WHAT YOU WILL DO: Copy exactly the lines from the one containing "Molo Multicolor Star" through the last line of the records below, both included, and leave out the pictures.

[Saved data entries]

* * * *

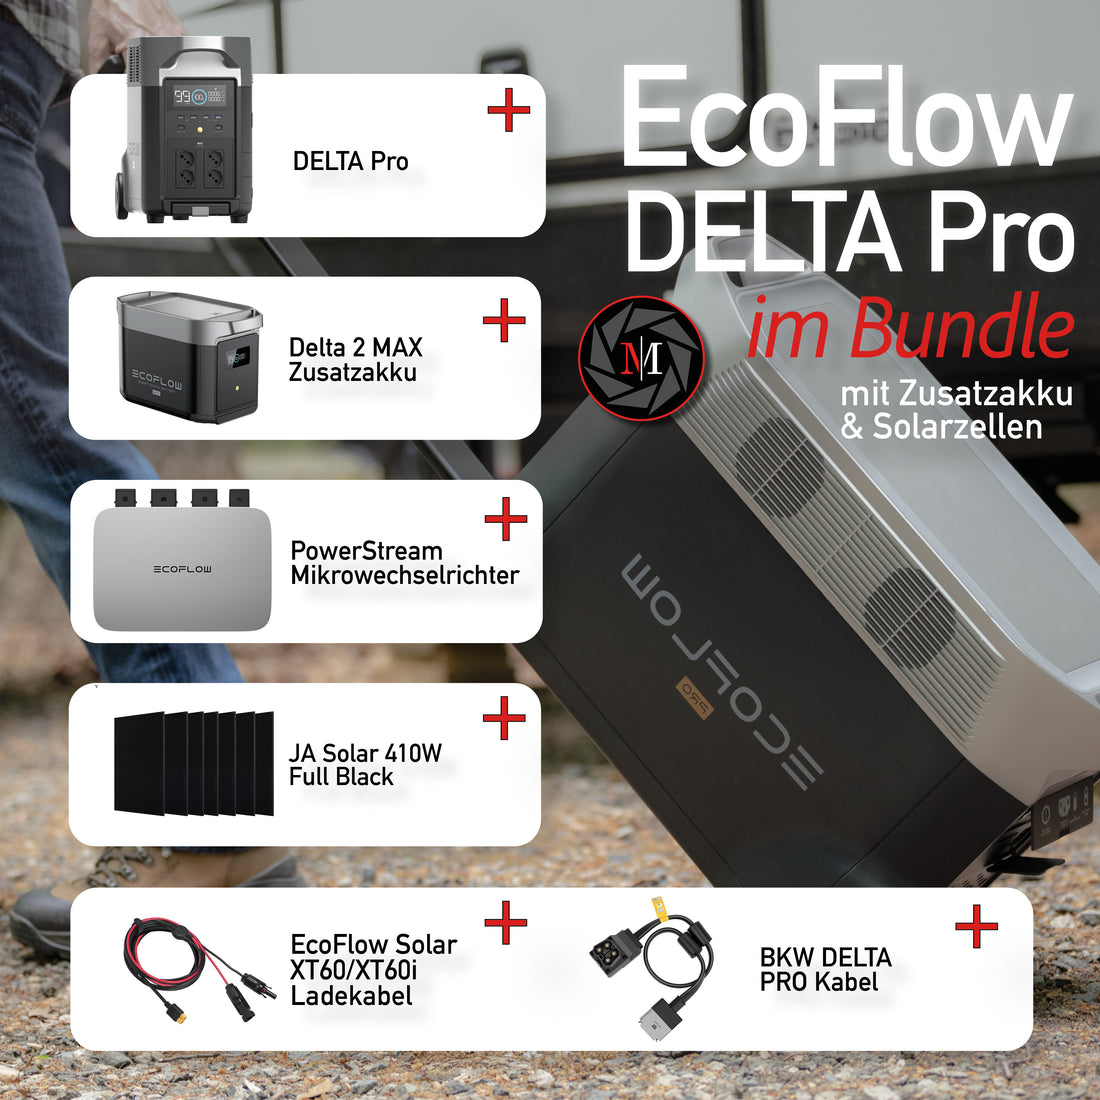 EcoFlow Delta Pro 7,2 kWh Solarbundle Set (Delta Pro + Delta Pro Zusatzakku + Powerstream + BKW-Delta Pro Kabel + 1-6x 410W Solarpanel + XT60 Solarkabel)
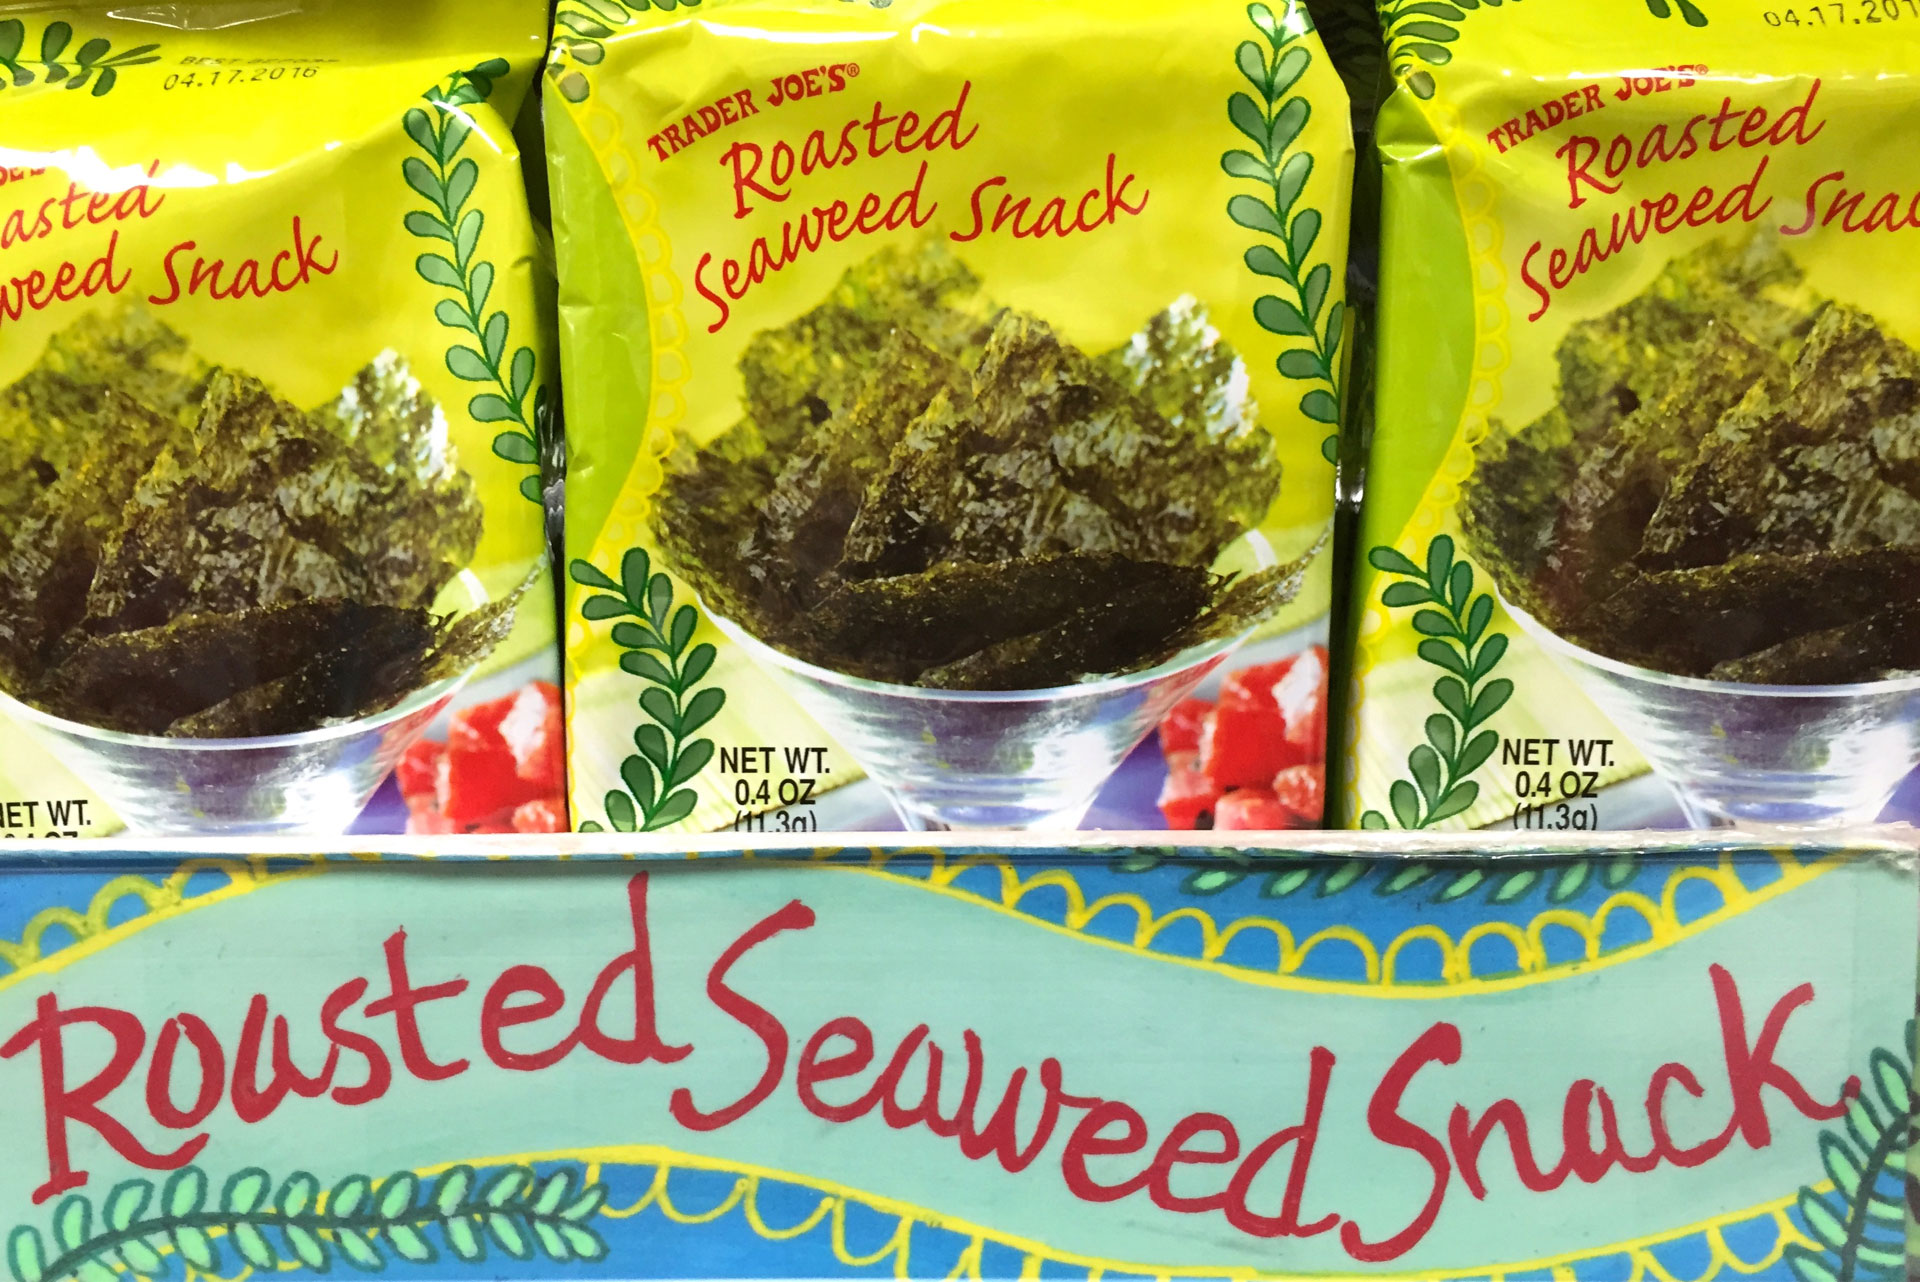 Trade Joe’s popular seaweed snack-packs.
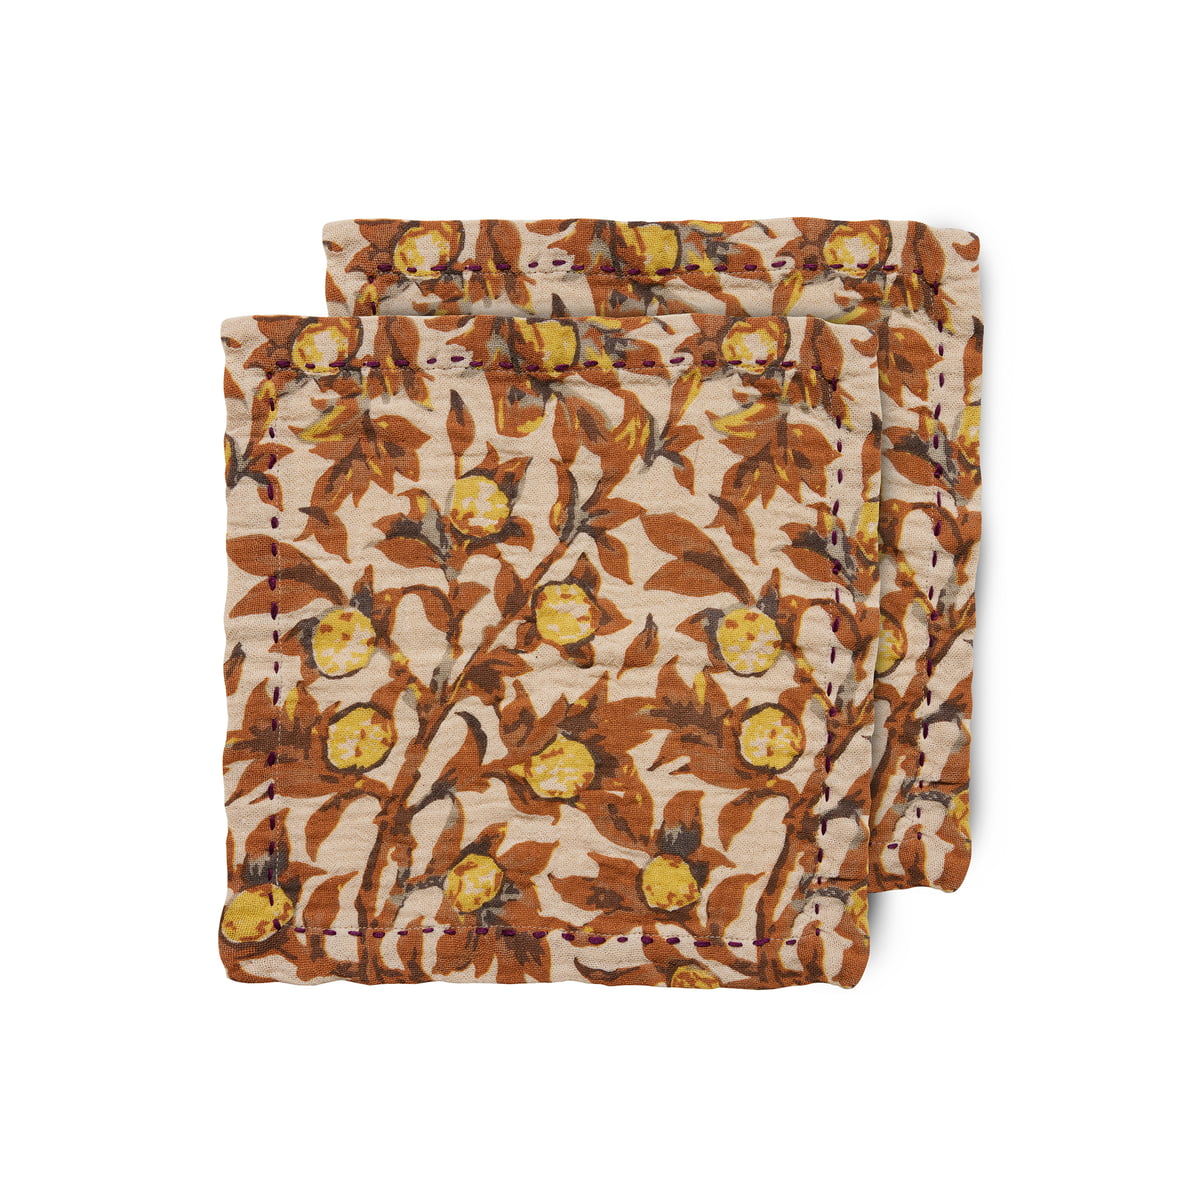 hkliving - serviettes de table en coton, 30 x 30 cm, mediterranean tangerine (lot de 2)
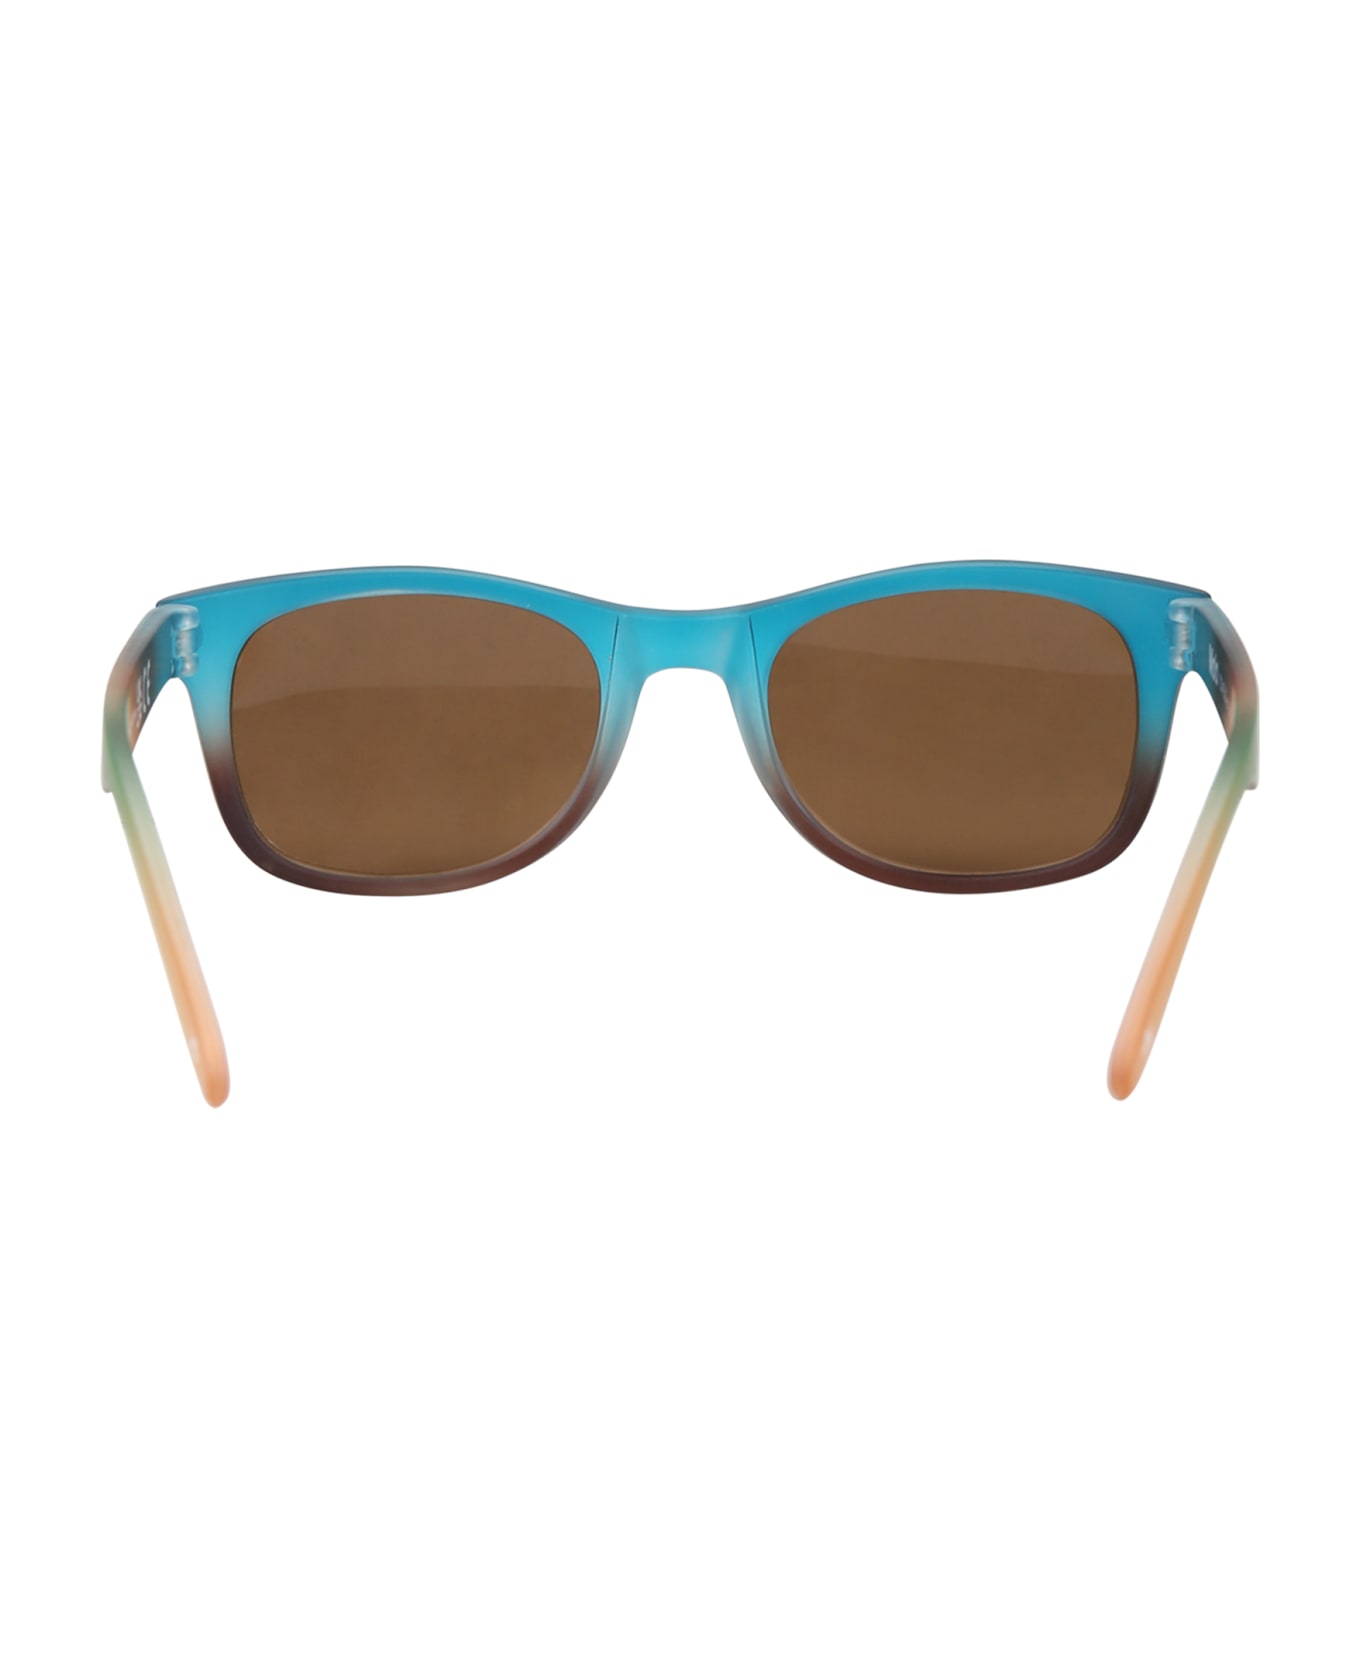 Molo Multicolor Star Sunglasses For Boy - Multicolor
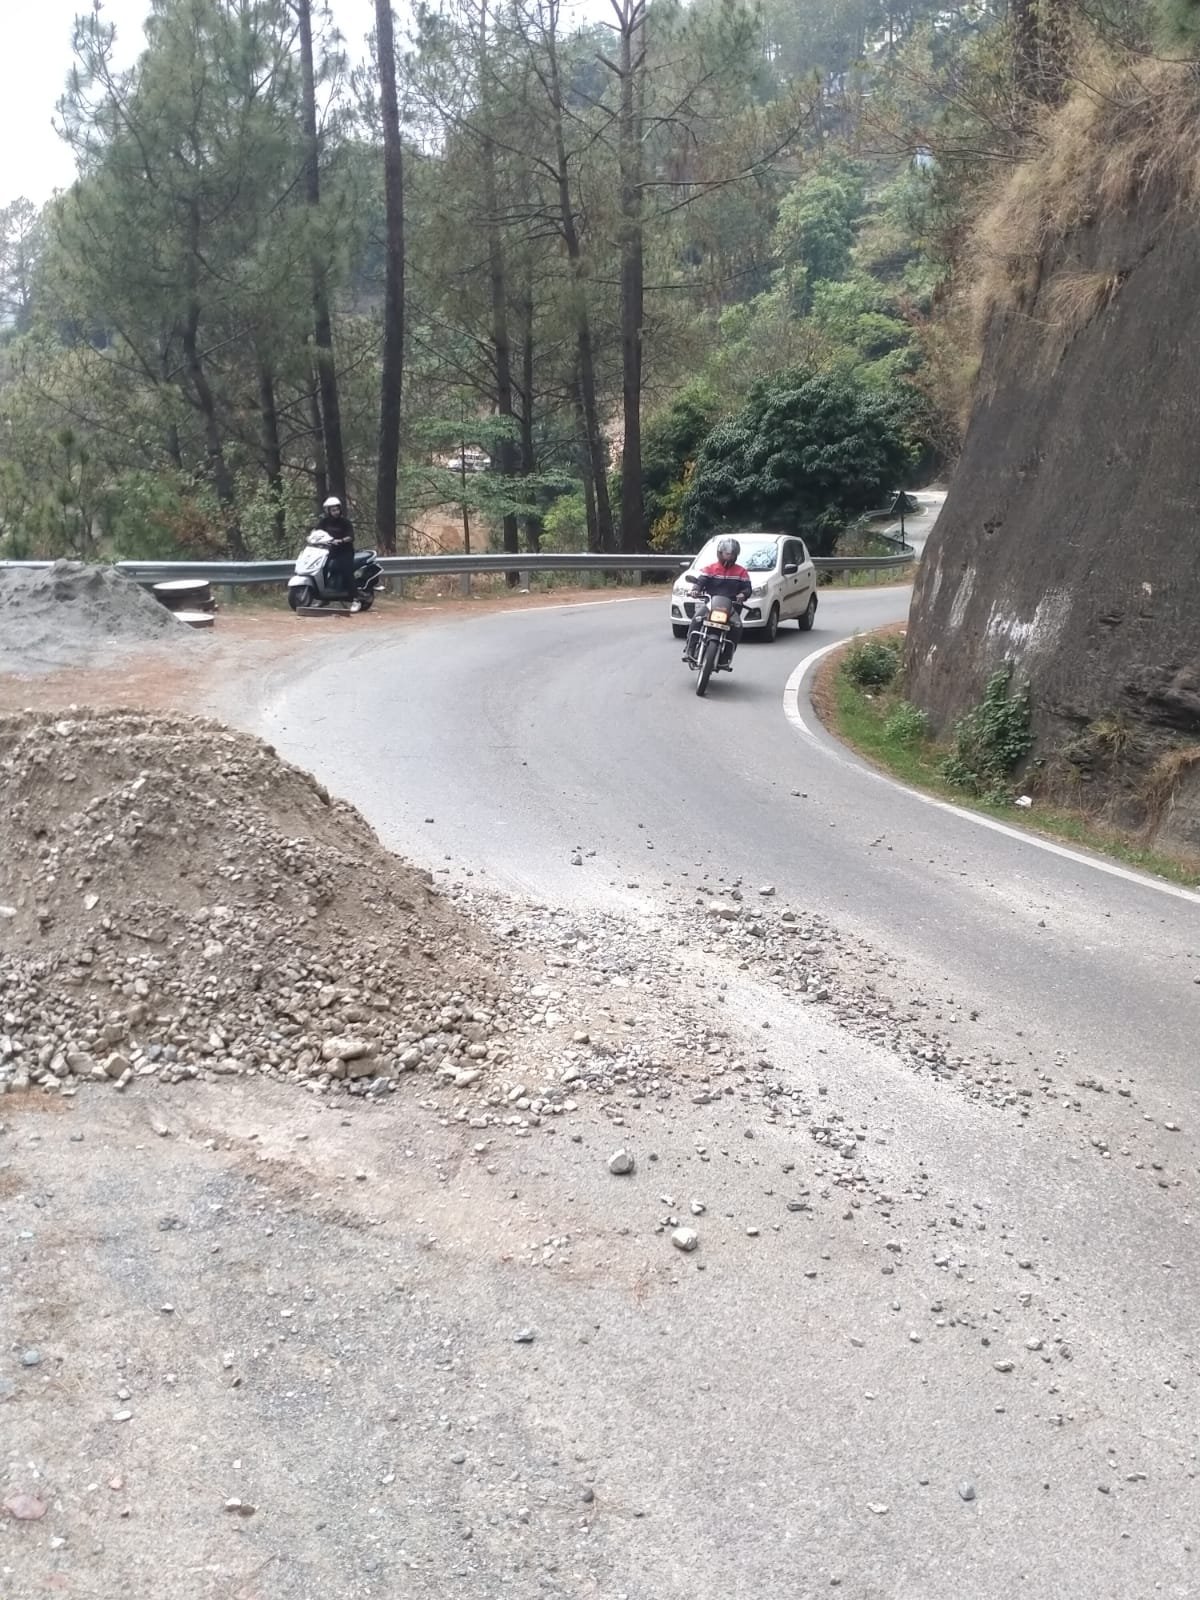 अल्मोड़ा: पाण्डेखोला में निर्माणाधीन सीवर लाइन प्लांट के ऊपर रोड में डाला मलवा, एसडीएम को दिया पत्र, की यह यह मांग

* * * *

TASK SOLUTION:
 Molo Multicolor Star Sunglasses For Boy - Multicolor
 अल्मोड़ा: पाण्डेखोला में निर्माणाधीन सीवर लाइन प्लांट के ऊपर रोड में डाला मलवा, एसडीएम को दिया पत्र, की यह यह मांग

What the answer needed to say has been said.